14) . . . It will be at the sole discretion of the Seller to turn on utilities for Inspections, on a case by case basis.
Maybe my case would be one of the lucky ones!
15) BUYER should also be aware that certain deed restrictions will be placed on the property to prevent the re-sale of that property within a short period of time, usually 60 to 90 days, this [sic] is determined by the Seller.  This practice by the Seller is to prevent flipping.  This applies to owner-occupants as well as investors.  ______ buyer initials.
I would call this the envy clause.  Fannie Mae invites investors to make offers, so Fannie Mae wants them to invest, but just not make a profit.  Profits are wicked.  So sign now, Mr. Investor, and you'll be informed later of precisely how long you must sit on your investment.  It will be "determined by the Seller."
. . . BUYERS and REALTORS: Please note: [sic] most foreclosure companies use title companies in Tulsa or Oklahoma City.  If you desire to close in Bartlesville, there will be a courtesy closing fee, which is approximately $225.00. 
Maybe you'll be driving an hour to the closing, or maybe two and a half hours.  If you don't like guessing, then cough up some "courtesy."
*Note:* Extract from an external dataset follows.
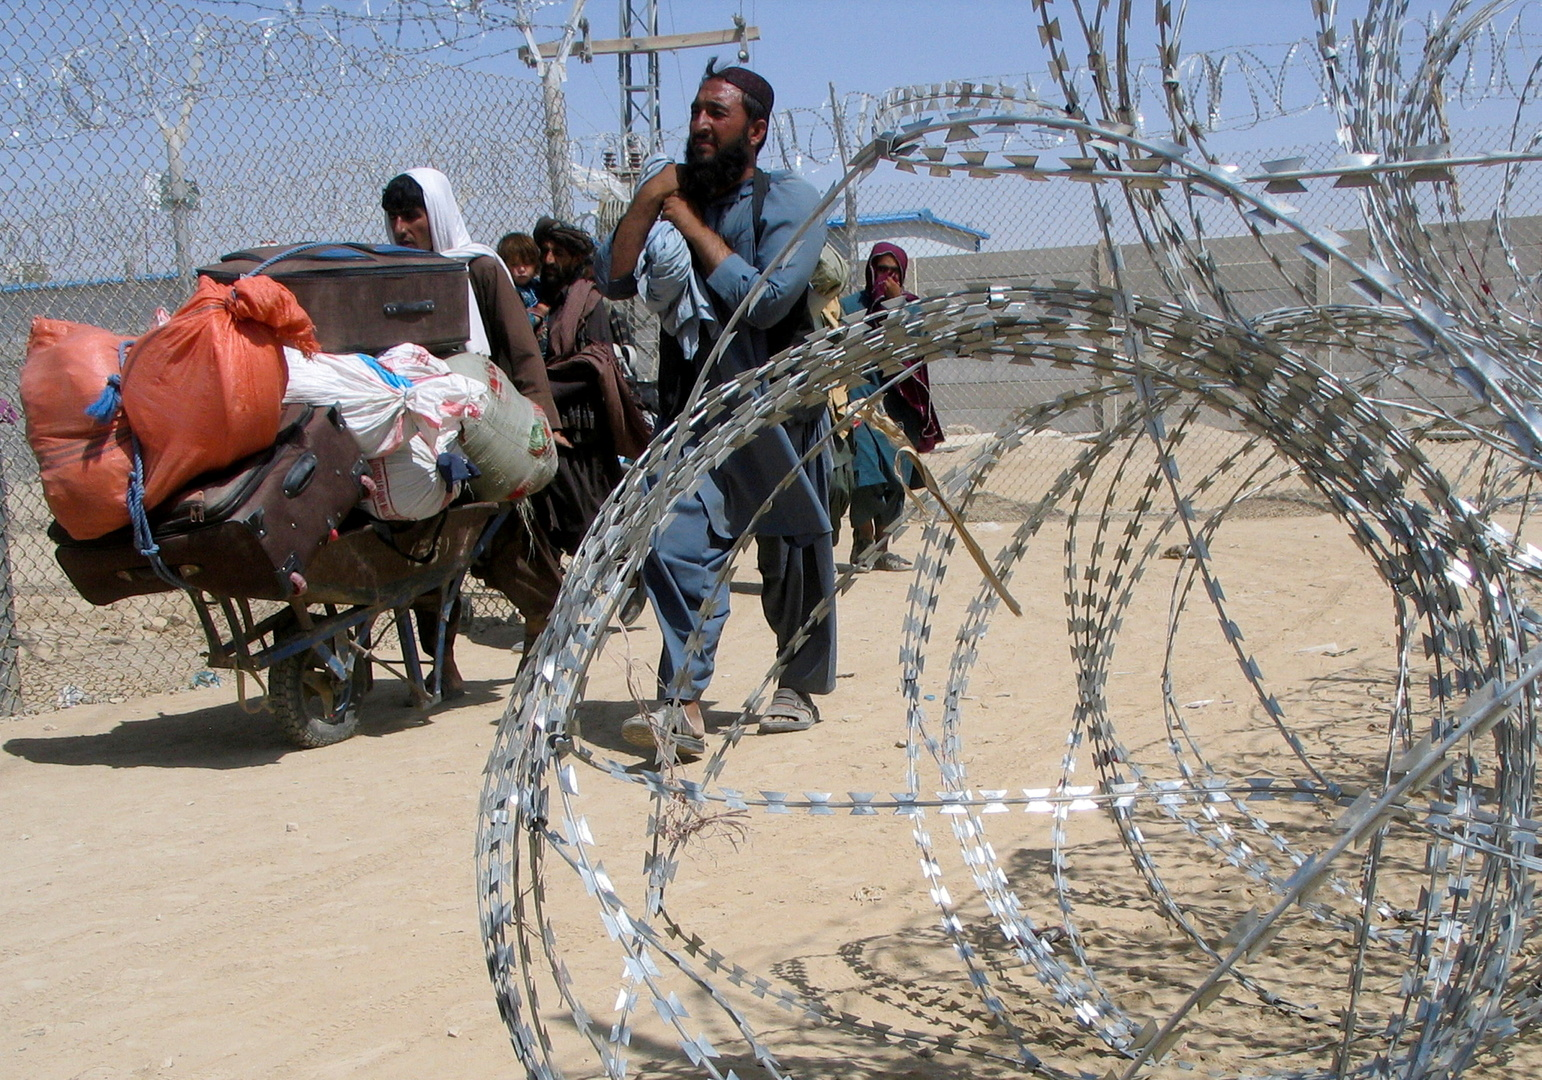 برنامج الأغذية العالمي يحذر من انعدام الأمن الغذائي في أفغانستان

The final provision, also handwritten, gives notice that the Buyer will be responsible for paying the title report fee and the abstracting fee.  "Traditionally a seller's cost."

They might as well add a provision that says, "Don't even think about buying one of our properties, or we'll make you sorry."

Is there any wonder why Fannie Mae is so slow to move its inventory?  Fannie Mae is a collector -- it collects foreclosed properties, and it collects taxpayer dollars.